===== Given material

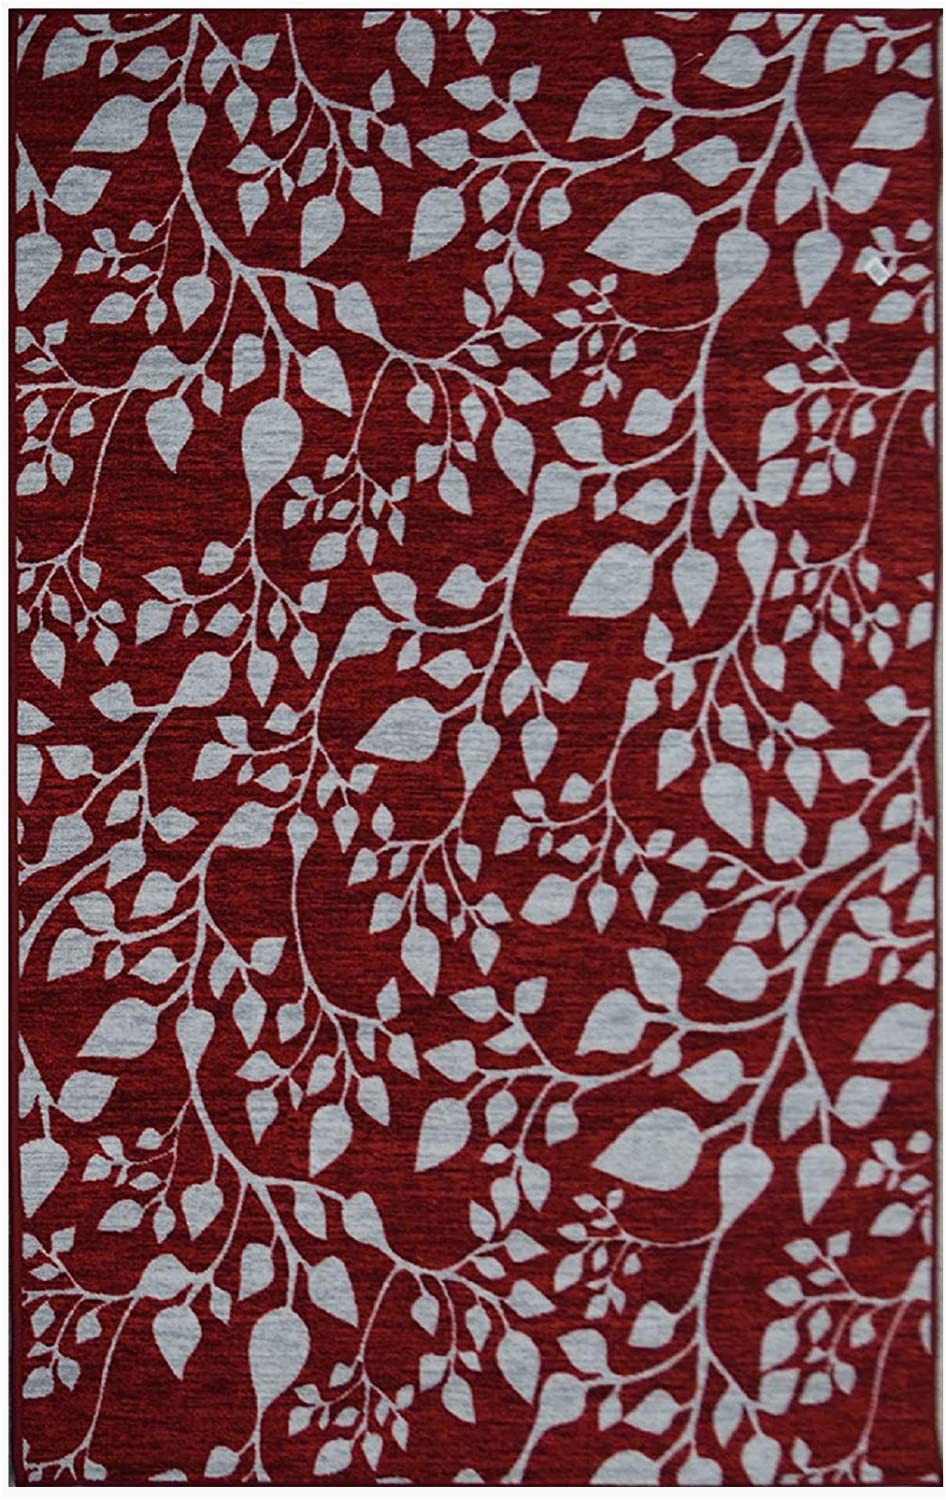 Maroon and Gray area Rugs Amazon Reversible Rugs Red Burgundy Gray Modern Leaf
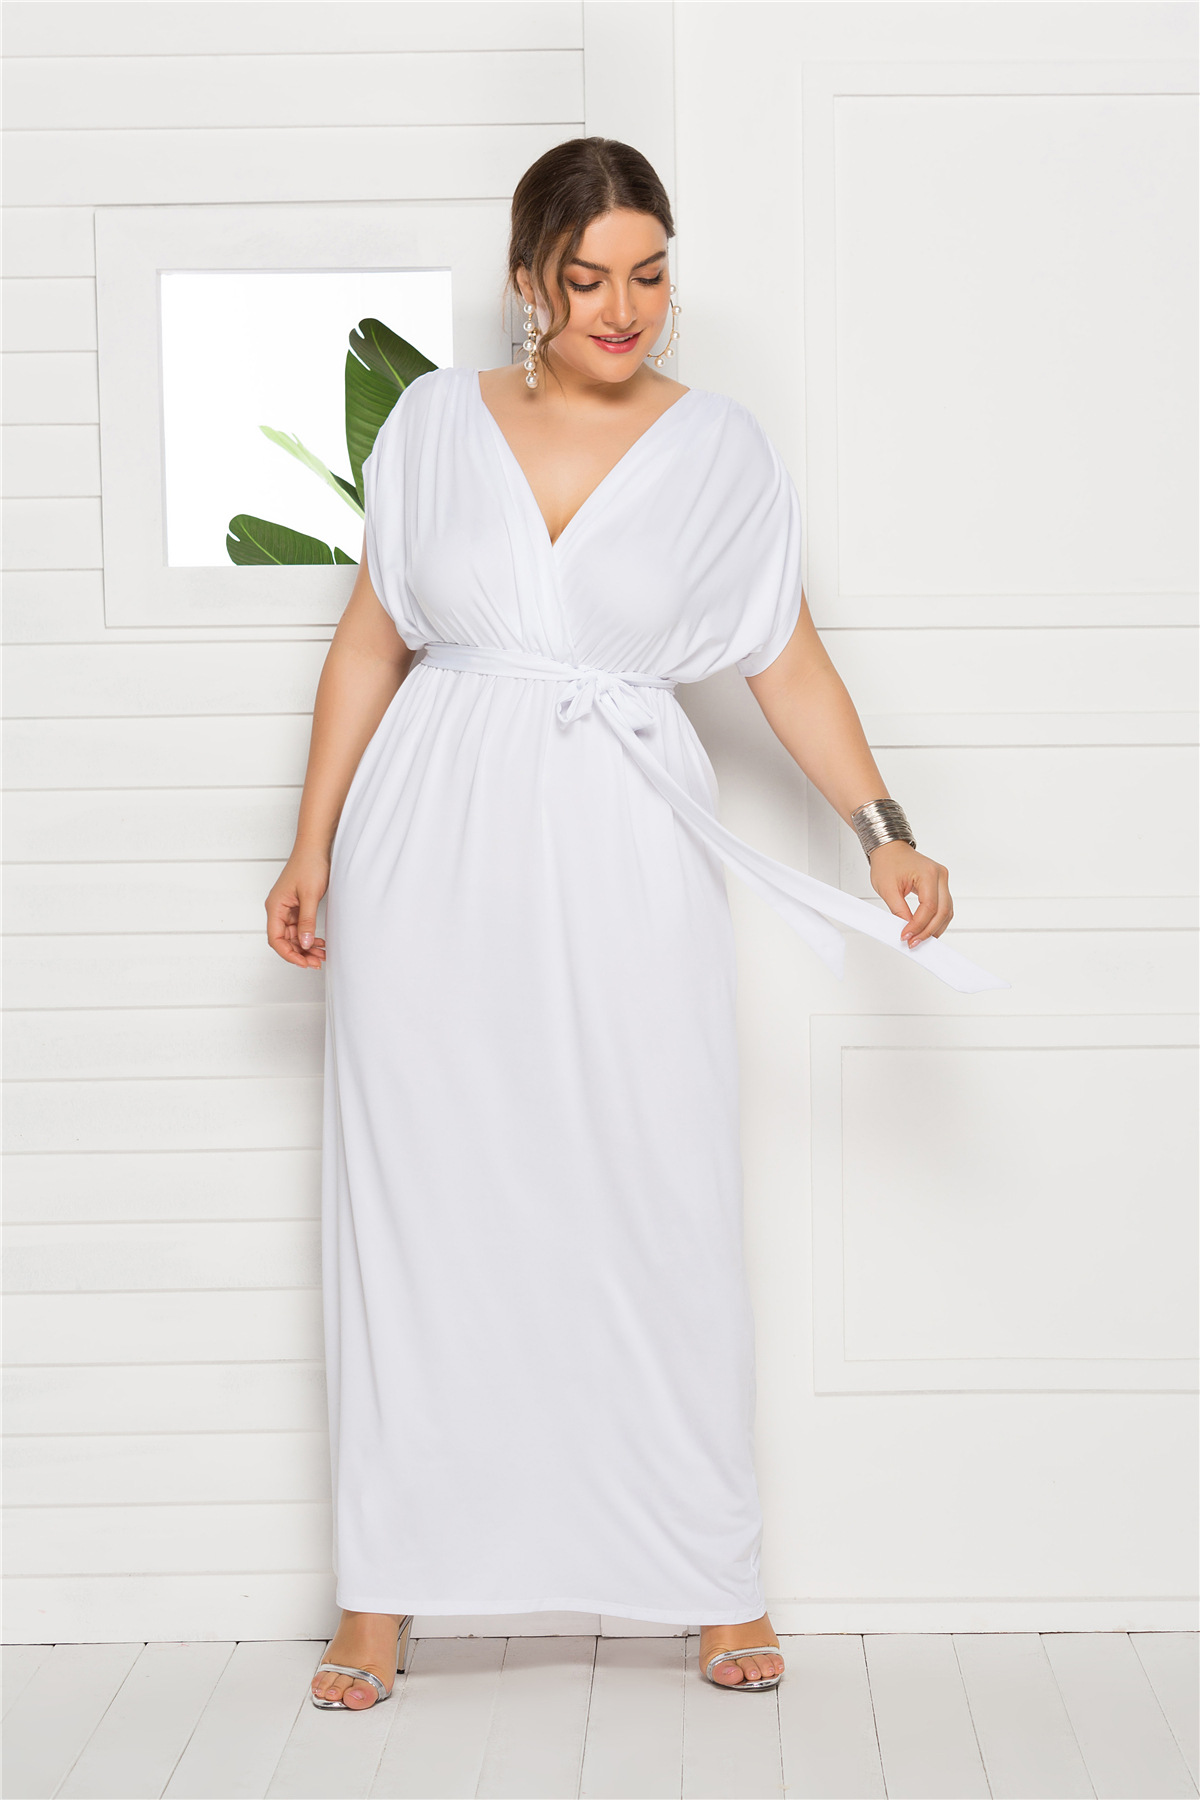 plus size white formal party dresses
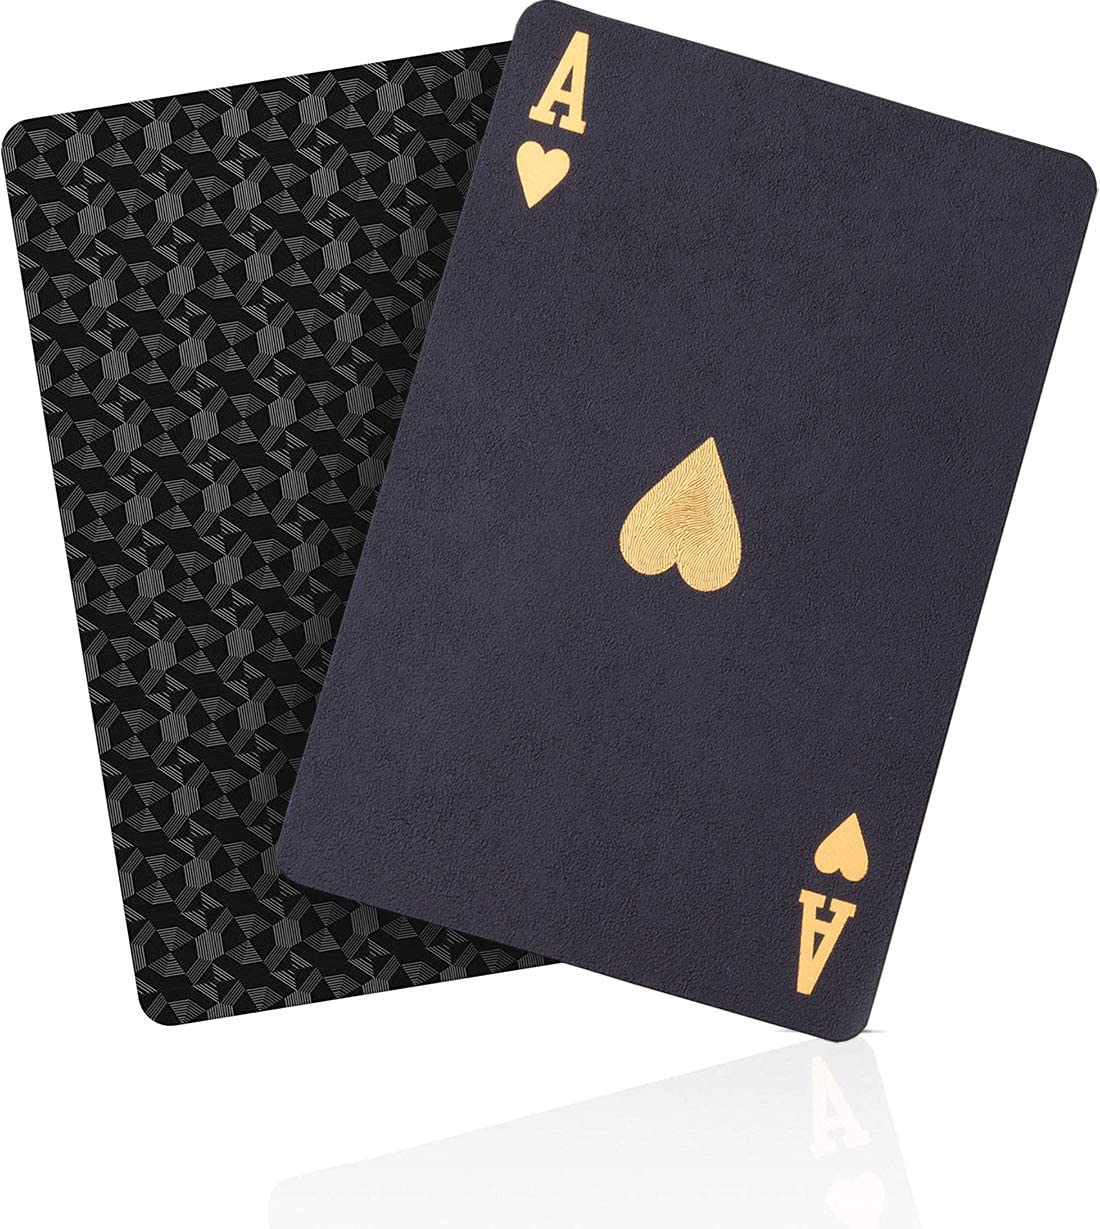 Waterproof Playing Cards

==========

All of the material should be reproduced exactly, apart from the pictures.

 Maroon and Gray area Rugs Amazon Reversible Rugs Red Burgundy Gray Modern Leaf
 plus size white formal party dresses
 Waterproof Playing Cards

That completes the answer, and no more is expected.